Voila j'ai fait un dual boot sur mon macbook avec un linux .
J'ai utiliser rEFind pour cela , tout fonctionne sauf une chose , j'aimerais pouvoir supprimer des entrées boot inutile et ne garder que mon boot osx et mon boot linux .

J'ai essayé pas mal de chose , mais je n'y arrive pas .

Si une personne à une solution ^^

un grand merci d'avance


----------



## bompi (20 Septembre 2021)

Il y a une section de la documentation (ici) qui donne des indications, en anglais.
Je suppose que tu as déjà essayé ?


----------



## paduna (21 Septembre 2021)

bompi a dit:


> Il y a une section de la documentation (ici) qui donne des indications, en anglais.
> Je suppose que tu as déjà essayé ?


merci pour ta réponse et ton link , mais dans mon fichier refind.conf je ne trouve aucun endroit ou se trouve " Boot macOS from Preboot " et j'ai 3 icones comme cela Preboot que j'aimerais enlever .

je ne vois pas ou commenter dont_scan_volumes car je ne trouve pas les lignes ou sont les os 

merci d'avance


----------



## bompi (21 Septembre 2021)

Dans le premier paragraphe, l’auteur indique que tu tu peux supprimer des entrées en te positionnant dessus et en appuyant sur une touche (“-“ notamment). Cela ne marche pas ?
Cette fonctionnalité n’est disponible que depuis la version 0.11.0

[je ne peux pas trop creuser le sujet parce que je suis sur un Mac M1]


----------



## macomaniac (22 Septembre 2021)

Bonjour *bompi*

Je vois que tu as fait l'acquisition d'un Mac M1 (veinard). Si je peux me permettre une question : est-ce que tu ne trouves pas que ce genre de machine cirsconscrit la puissance opératoire du *terminal* ?

----------

Bonjour *paduna*

Dans ce fil d'archive : ☞*Supprimer des entrées rEFInd*☜  j'avais contribué naguère à l'édition du fichier *refind.conf* en vue d'échapper d'affichage certains volumes à l'écran de rEFInd.
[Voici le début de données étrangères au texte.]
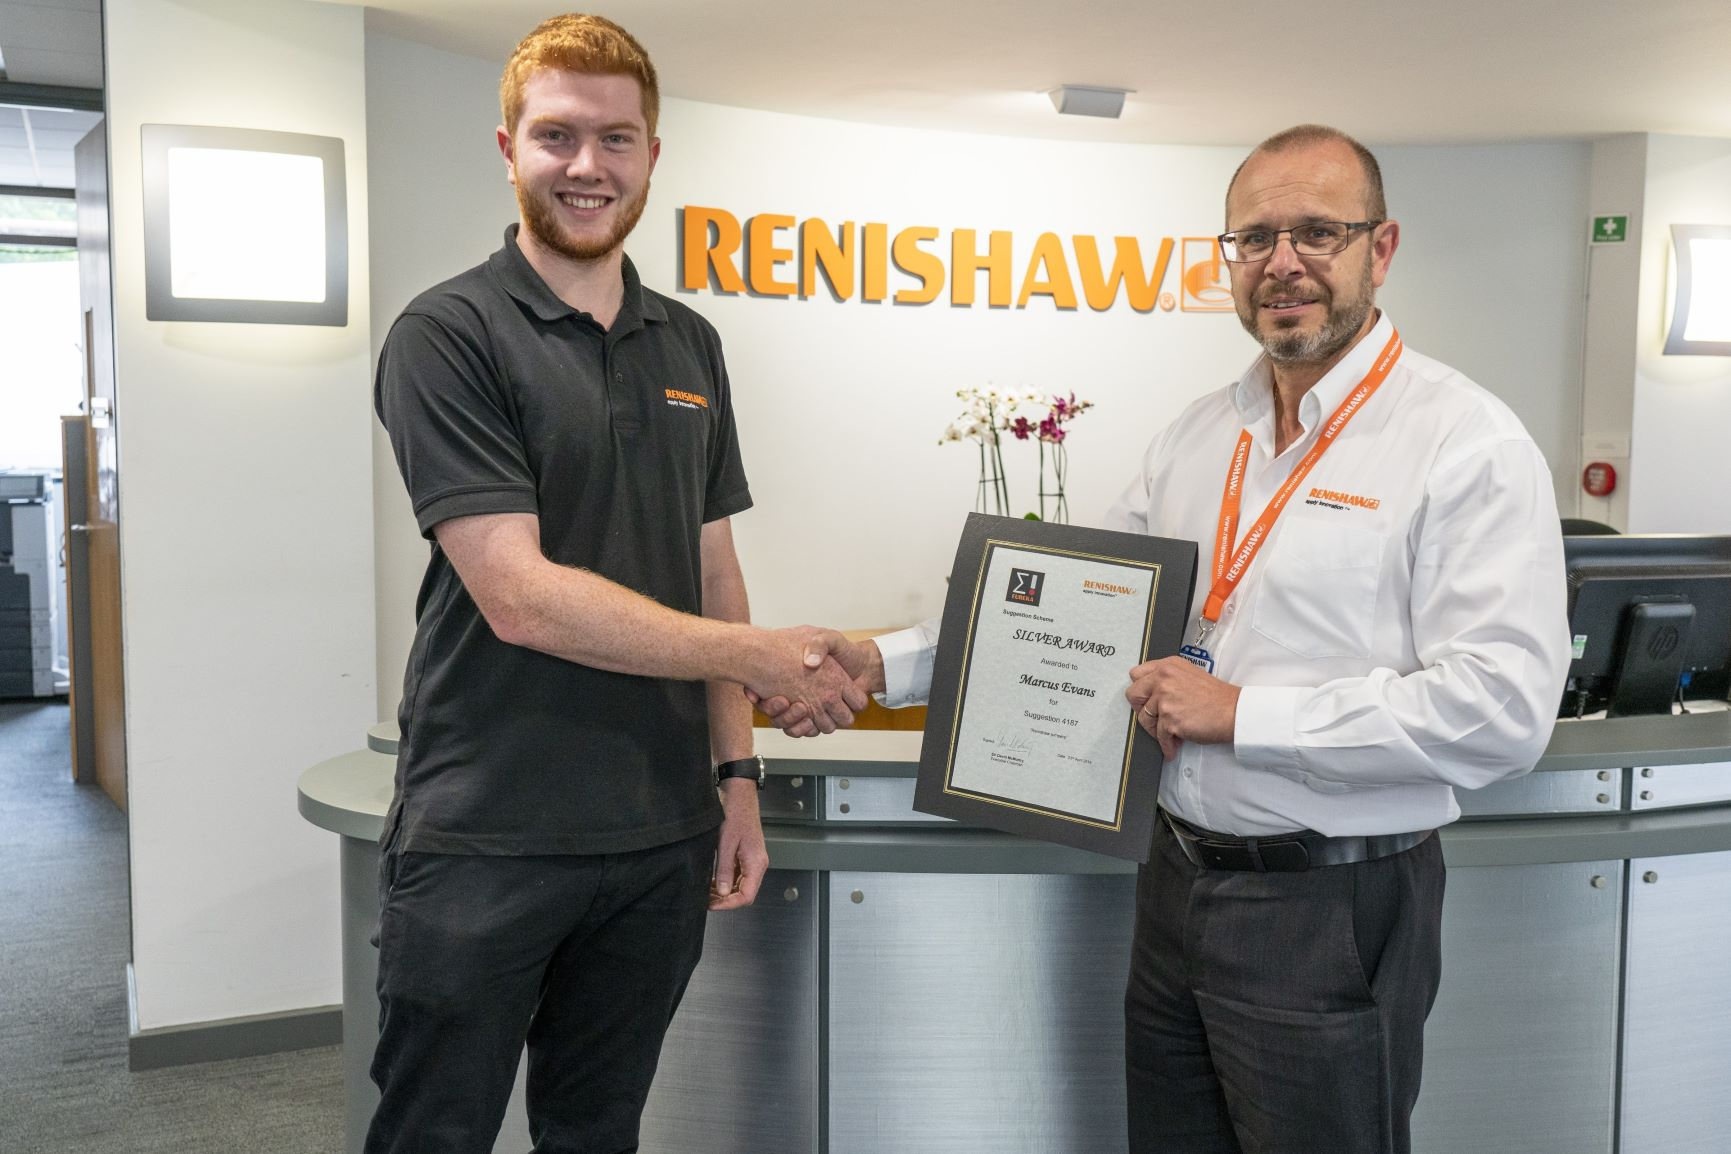 Marcus Evans (Left) is a Mechanical Engineer Apprentice at Renishaw. Image via Renishaw.

Est-ce que ces indications déjà anciennes te suffiraient ?


----------



## bompi (22 Septembre 2021)

[@macomaniac
Bonjour, 
pour le moment mon PC (Linux) reste mon ordinateur principal donc quand je dois m’amuser un peu, c’est là que ça se passe.
Le passage à la puce M1 ne fait que renforcer la tendance depuis plus de dix ans à restreindre l’accès à une partie du système,  voire la rendre inaccessible. Donc je ne m’y intéresse plus guère. Mais pour le reste, le Terminal (iTerm chez moi) est toujours utile : on peut faire pas mal de choses dans l’espace utilisateur. Dans l’ensemble, ces premiers Macs M1 sont par ailleurs suffisamment épatants pour que l’on ait moins besoin de compenser les errances éventuelles du système.]


----------